A periodic disbursement from the lender to the borrower from the construction loan proceeds to cover costs incurred during the development process. Common costs include materials, contractors or subcontractors, or any other vendor invoices in a given period during the development process. Typically, draws are monthly.

Putting ‘Draw’ in Context

Silver Star Development is embarking on a ground-up development of a luxury hotel in Las Vegas, NV, known as The Star Elite Hotel and Resort. The project will feature 300 rooms, a full-service spa, multiple restaurants, and a rooftop pool deck, aiming to attract both high-end tourists and business travelers. The total project cost is estimated at $100 million and will take 24 months to complete.

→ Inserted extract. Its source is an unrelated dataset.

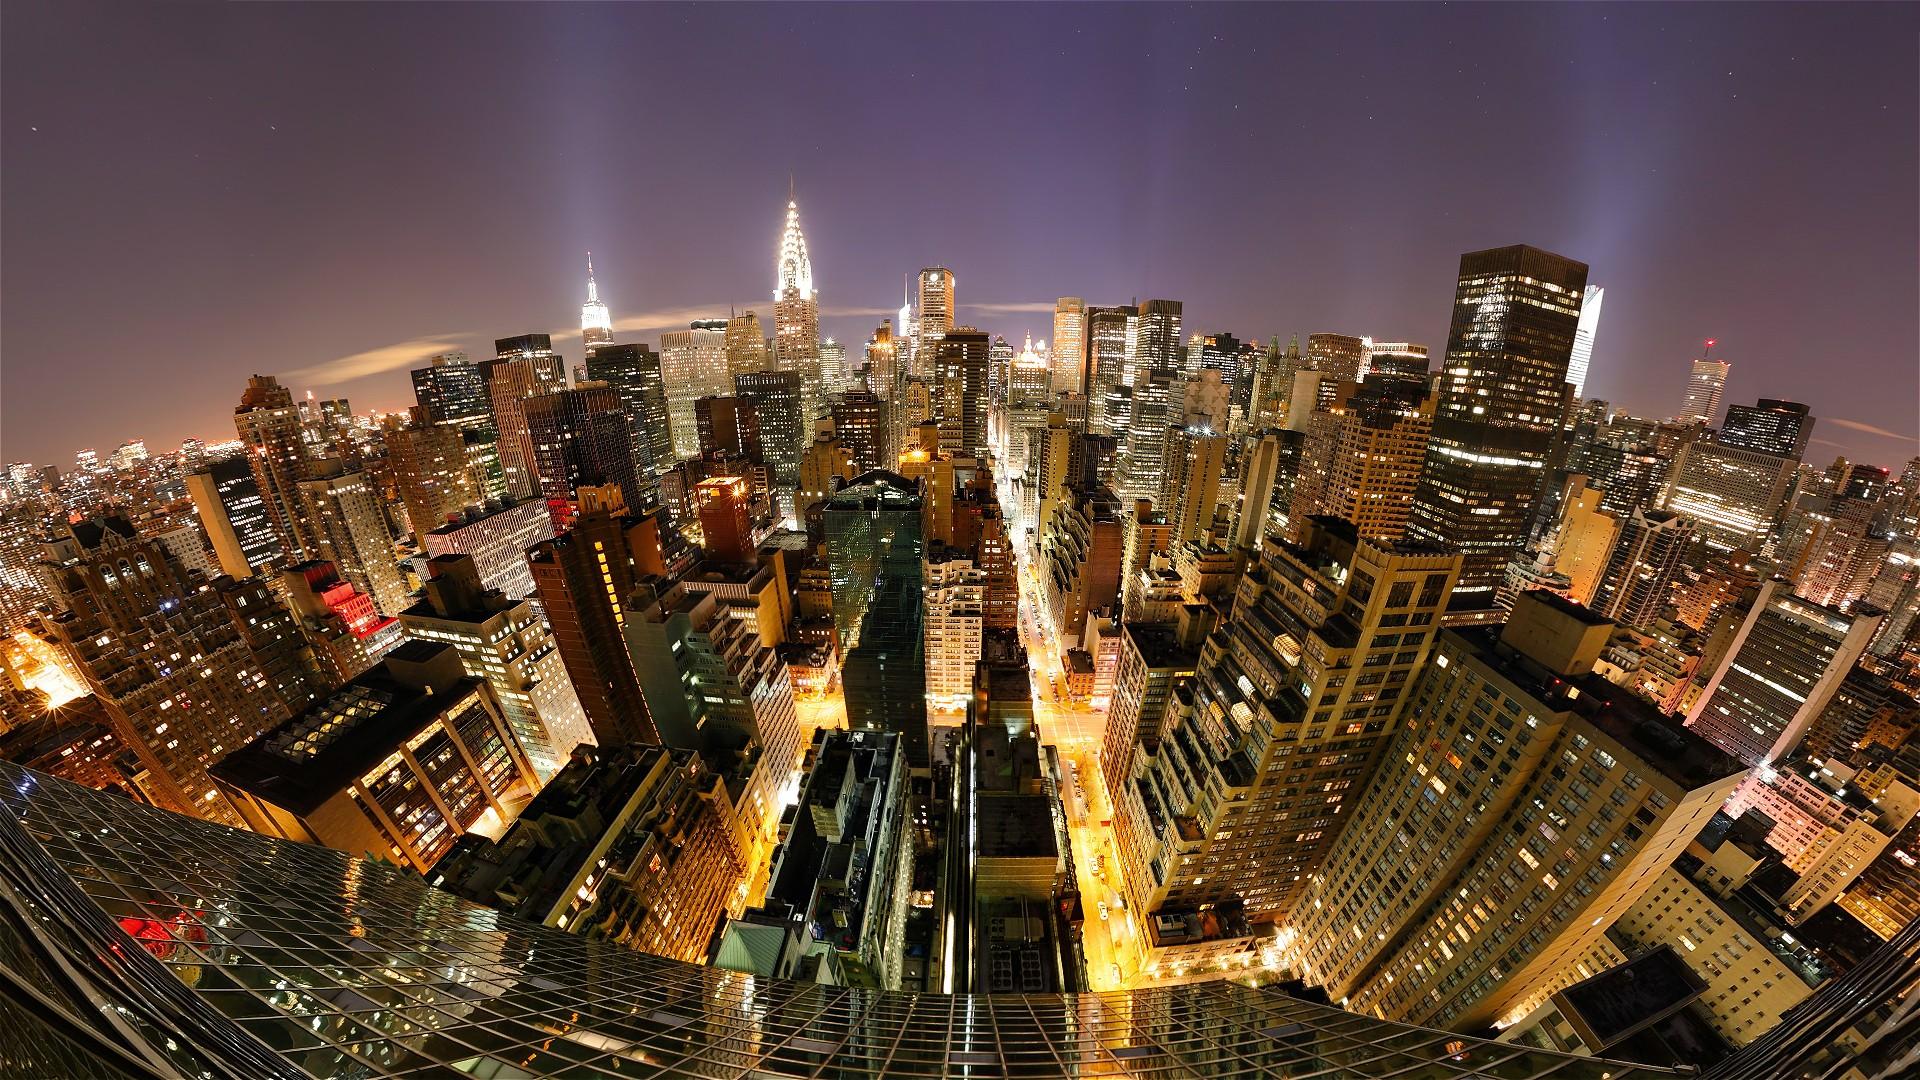 New York City Desktop Wallpaper Widescreen 1920x1080

To fund the construction, Silver Star Development secured a $65 million construction loan, with the remaining capital coming from equity partners.

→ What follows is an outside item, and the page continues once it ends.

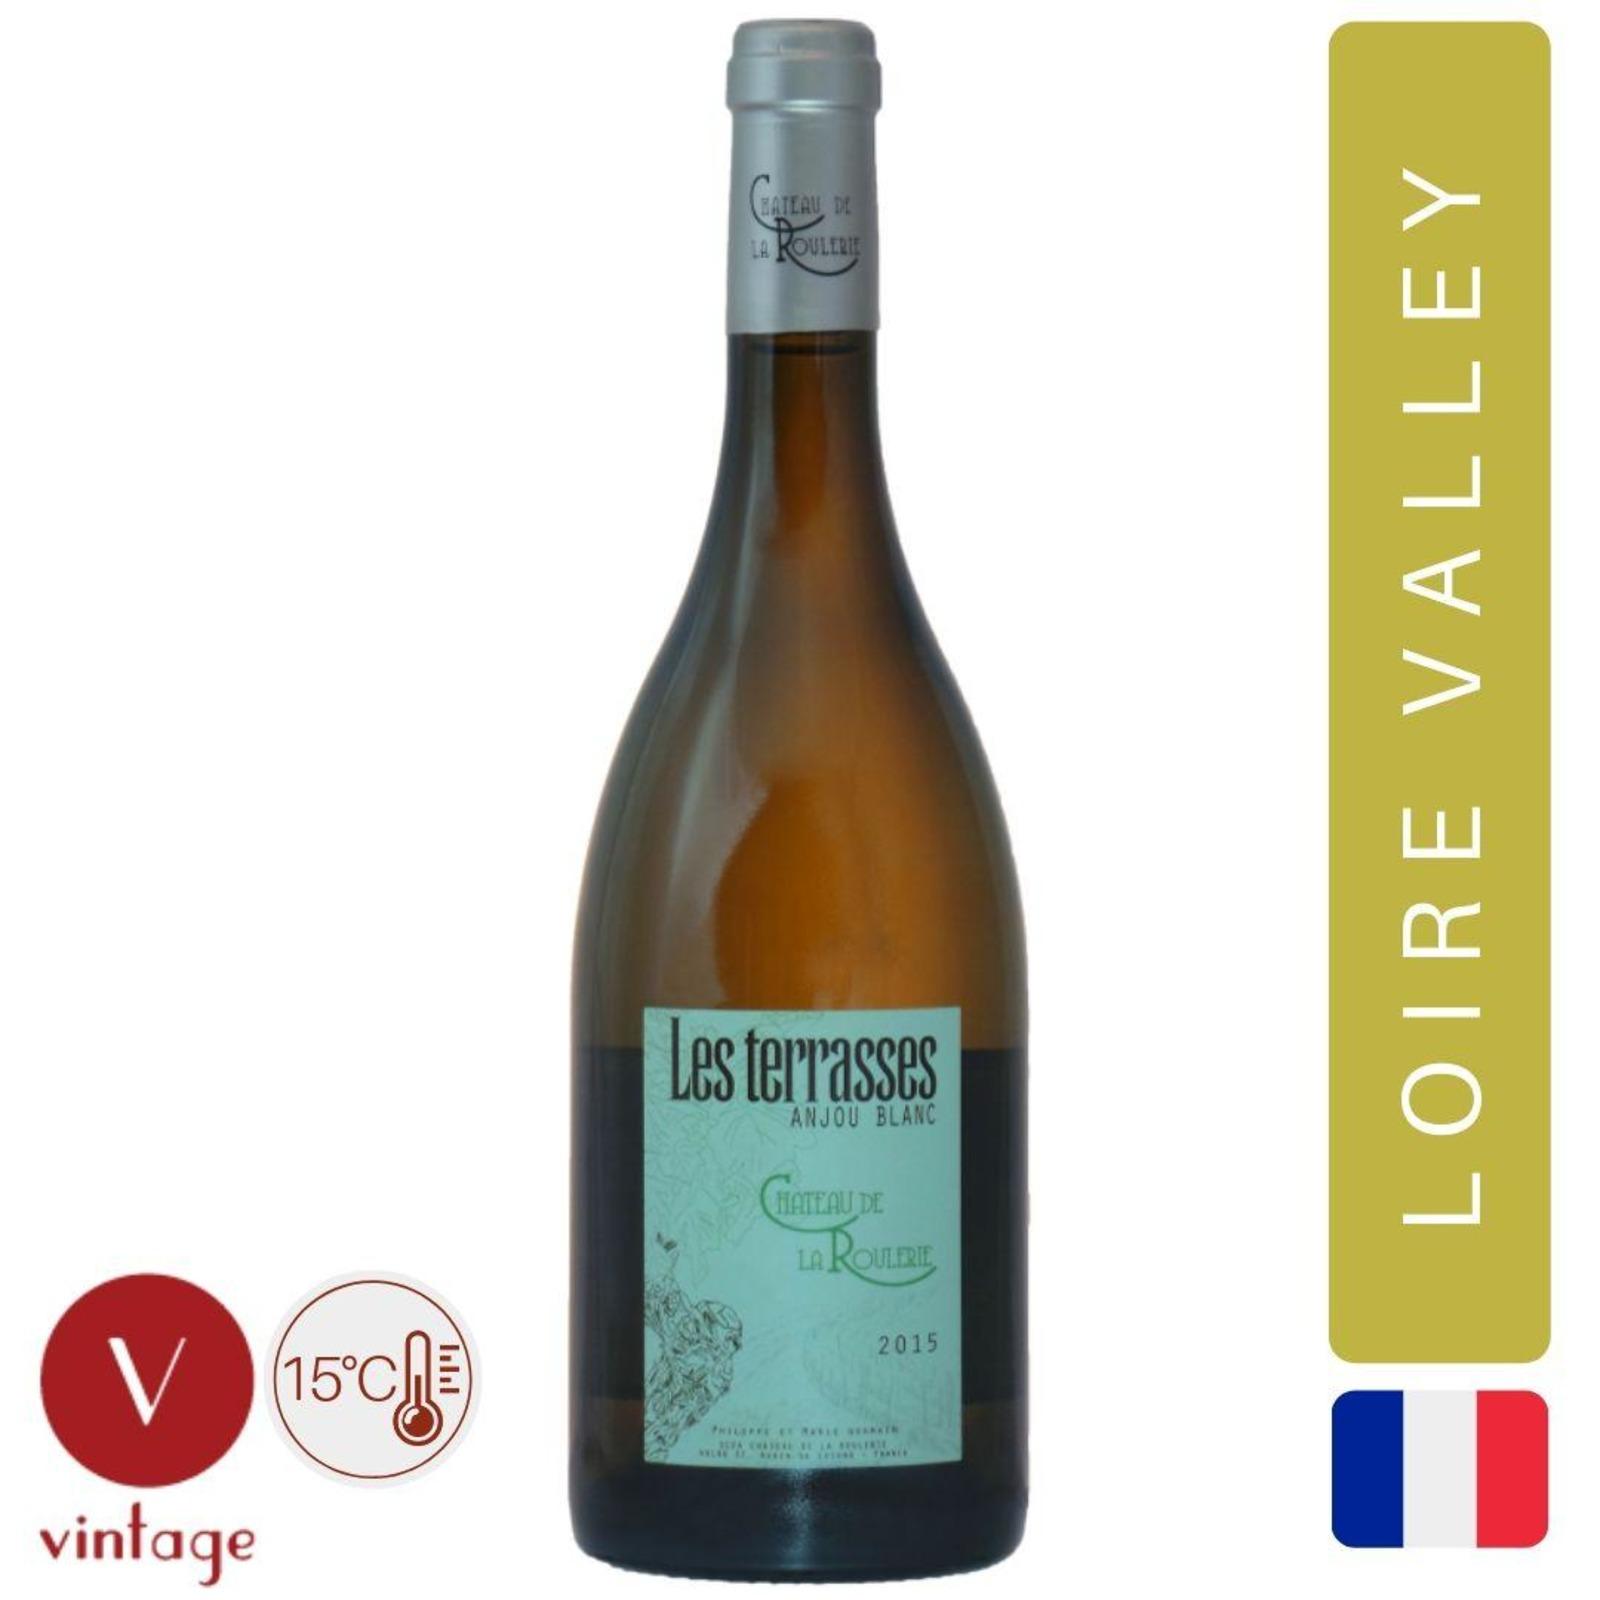 Chateau de la Roulerie - Les Terrasses - Anjou White Wine

As construction begins, the developer incurs various costs each month, including payments to contractors, materials for the building structure, and vendor invoices for specialized work like plumbing and electrical systems. Instead of receiving the full loan amount upfront, Silver Star Development accesses the loan through monthly draws. These draws are periodic disbursements from the lender, which are used to cover expenses as they arise throughout the development process.

For example, in month five, after completing the foundation and beginning structural framing, the general contractor submits a bill for $4 million for labor and materials. Silver Star Development compiles these expenses, along with additional costs for subcontractors and materials, and submits a draw request to the lender for a total of $5.5 million. The lender verifies that the work has been completed to date and disburses the requested amount from the loan proceeds.

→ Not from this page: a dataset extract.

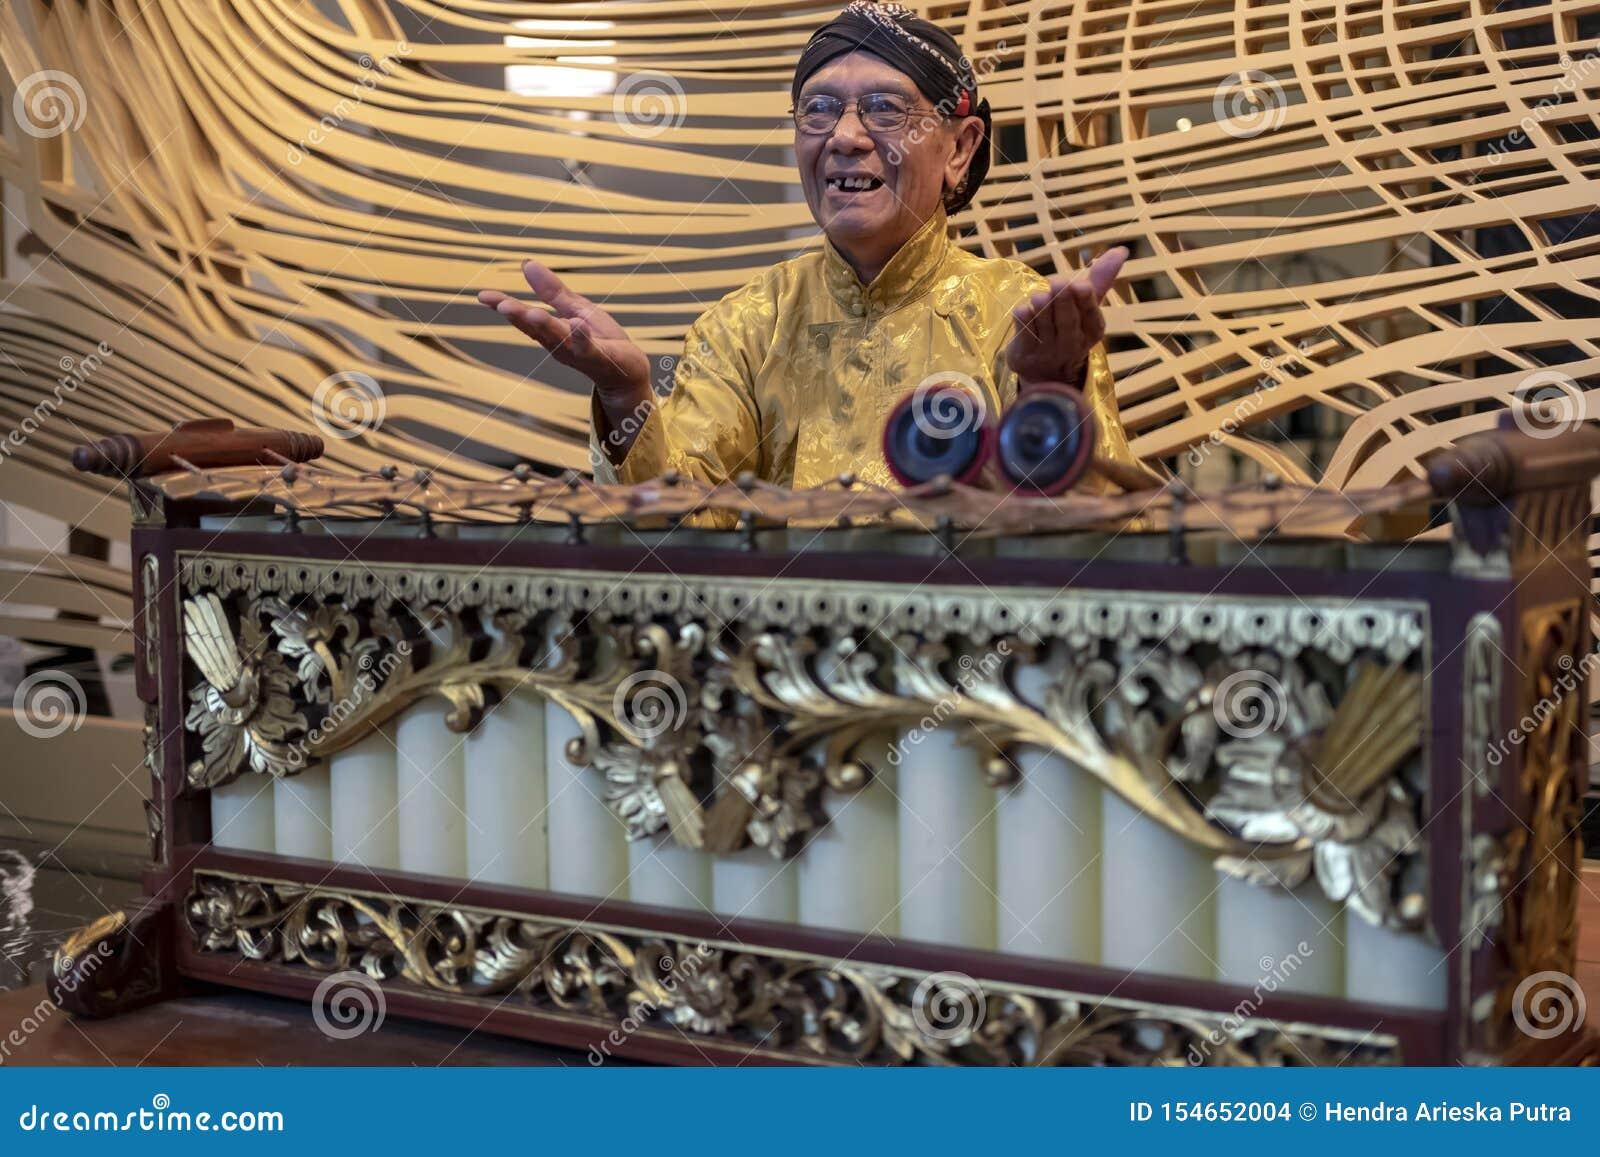 Jawajski mężczyzna bawić się slenthem, Jawajski tradycyjny muzyczny instrument

This draw process continues on a monthly basis, ensuring that Silver Star Development can fund construction costs without having to front the capital from its own reserves. By the time the project reaches completion, the developer will have taken multiple draws totaling $65 million, corresponding to the loan’s total amount.

In this context, “Draw” refers to the method by which Silver Star Development systematically accesses loan funds to meet ongoing construction costs, ensuring liquidity throughout the development of The Star Elite Hotel and Resort.


Frequently Asked Questions about Construction Loan Draws in Real Estate Development

A draw is a periodic disbursement from the lender to the borrower from the construction loan proceeds to cover development costs incurred. These typically include payments for materials, contractors, and vendor invoices.

Draws are typically processed on a monthly basis, aligned with the construction schedule and billing cycles of contractors and vendors.

Common expenses include labor, materials, subcontractor fees, and vendor invoices for ongoing construction work. For example, foundation work, framing, plumbing, and electrical systems.

The developer compiles eligible expenses and submits a formal draw request to the lender. The lender verifies work progress and cost documentation before disbursing funds.

Draws ensure that loan proceeds are only used for verified construction costs as incurred. This approach minimizes lender risk and aligns loan disbursements with actual project progress.

At project completion, the total of all monthly draws will typically equal the full construction loan amount. For example, Silver Star Development accessed $65 million in draws by the end of their hotel project.